15:30:43 And in many cases you know, you say, okay, I want this kind of information and the available pool of answers is small enough that kind of everybody knows. And it's like, oh, you know, you just it's not hard to find out, oh, here are the three options for fire data sets.
15:31:02 And I can find a few things that talk about that talk about them. Okay, I guess I'll pick one.
15:31:08 [Moderator] Is there any part of the geospatial ML workflow pipeline that causes you issues or is not satisfactory?
15:31:19 Yes. Um.
15:31:24 Xarray is the go-to library that everybody uses for geospatial data, particularly in climate.
15:31:33 And my issue with it is is that Xarray does too much and does too much automatically.
15:31:41 And for machine learning, there's often a lot of things that it will do that you want to turn off.
15:31:46 And to tell it stop being so smart. You're being smart in a way that is slowing things down and is unhelpful.
15:31:54 And it's not easy. It takes some work to turn off all the smart parts.
15:32:06 [Moderator] Last question, do you have any additional feedback or questions that you would like to pose to developers of geospatial metadata standards?
15:32:17 Um…
15:32:22 I think the thing I would say is…
15:32:28 From my experience with with climate data and providing climate...future climate projections to end users and impacts users.
15:32:40 Is that...
15:32:46 People who are climate specialists, which is a climate scientist and stuff.
15:32:52 Their abilities and needs are really different from what I would call climate impacts users, which are people who don't actually care about climate, but care about something that's affected by climate. And so they need information about what's happening with it.
15:33:06 And the latter group is huge and heterogeneous. And what they need varies tremendously.
15:33:15 From person to person and their technical capabilities vary tremendously from person to person. So I would say it's important to make sure that you've got a decent sampling of the range of what people might want.
15:33:35 And to… you know, try and try and produce something that is useful to a very broad range of people, not just to specialists.
15:33:51 Yeah, and that they're. You can't anticipate all there. There's so many possible different things that people want that you can't anticipate all of their needs.
15:34:04 So you just have to try and do something that is going to be as broadly applicable as you can.
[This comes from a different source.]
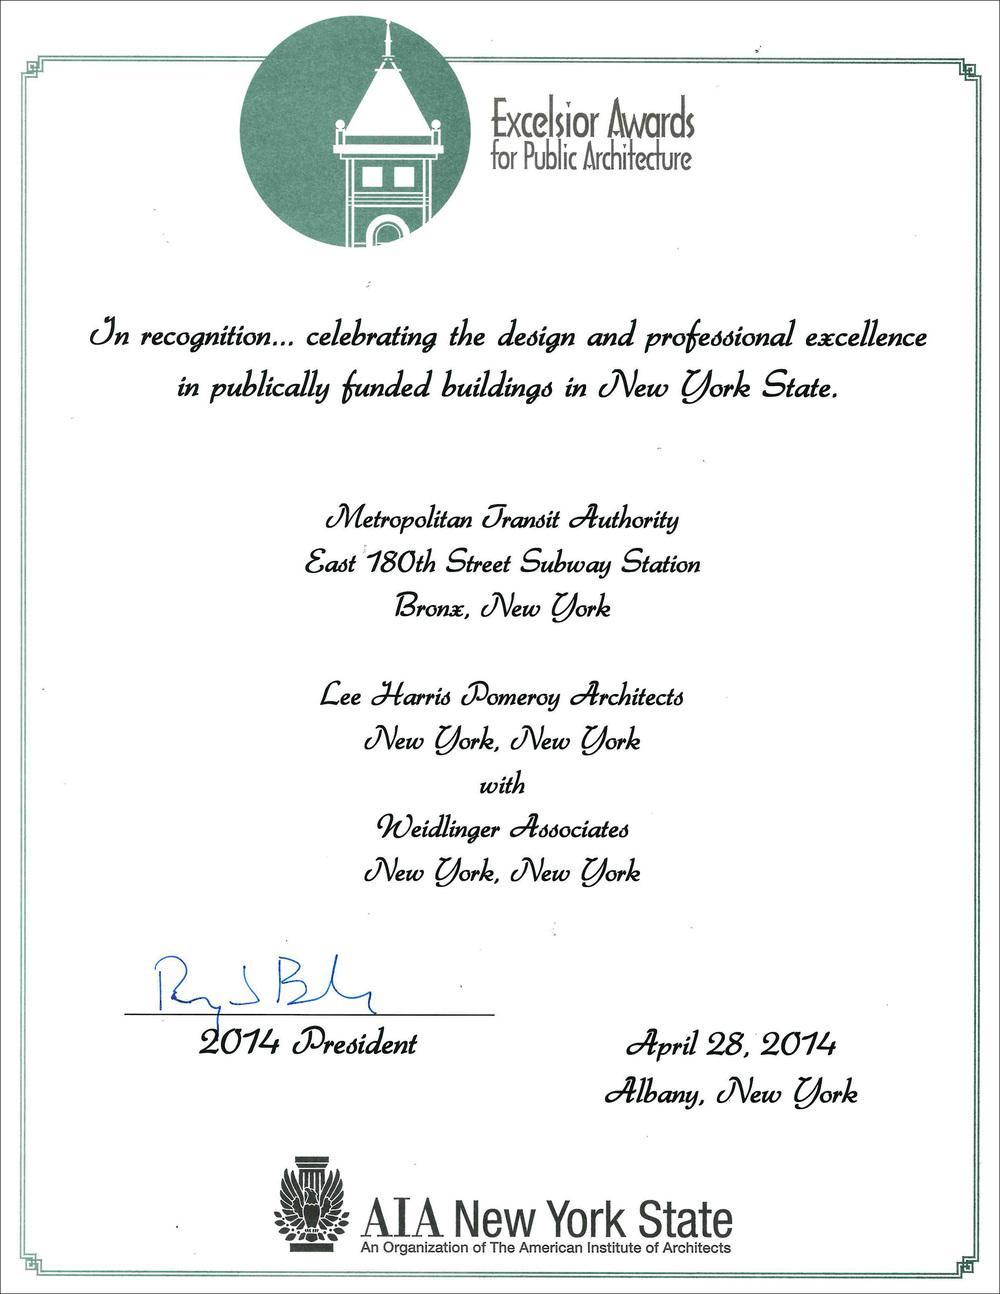 2014 AIA NYS Excelsior Award E 180 St

15:34:21 And I guess maybe…
15:34:26 I guess maybe the other thing is to… is to be aware that there is, the machine learning community uses a whole lot of jargon that is very opaque to outsiders.
15:34:40 And that as more people are getting into using machine learning tools I think it's more important I think it's more important becomes more and more important to figure out what what jargon you're using and to put a lot of community effort into explaining what all that means or stop using it.
15:35:03 When you're exposing stuff to outsiders.
15:35:12 [Moderator] That concludes our questions and interview.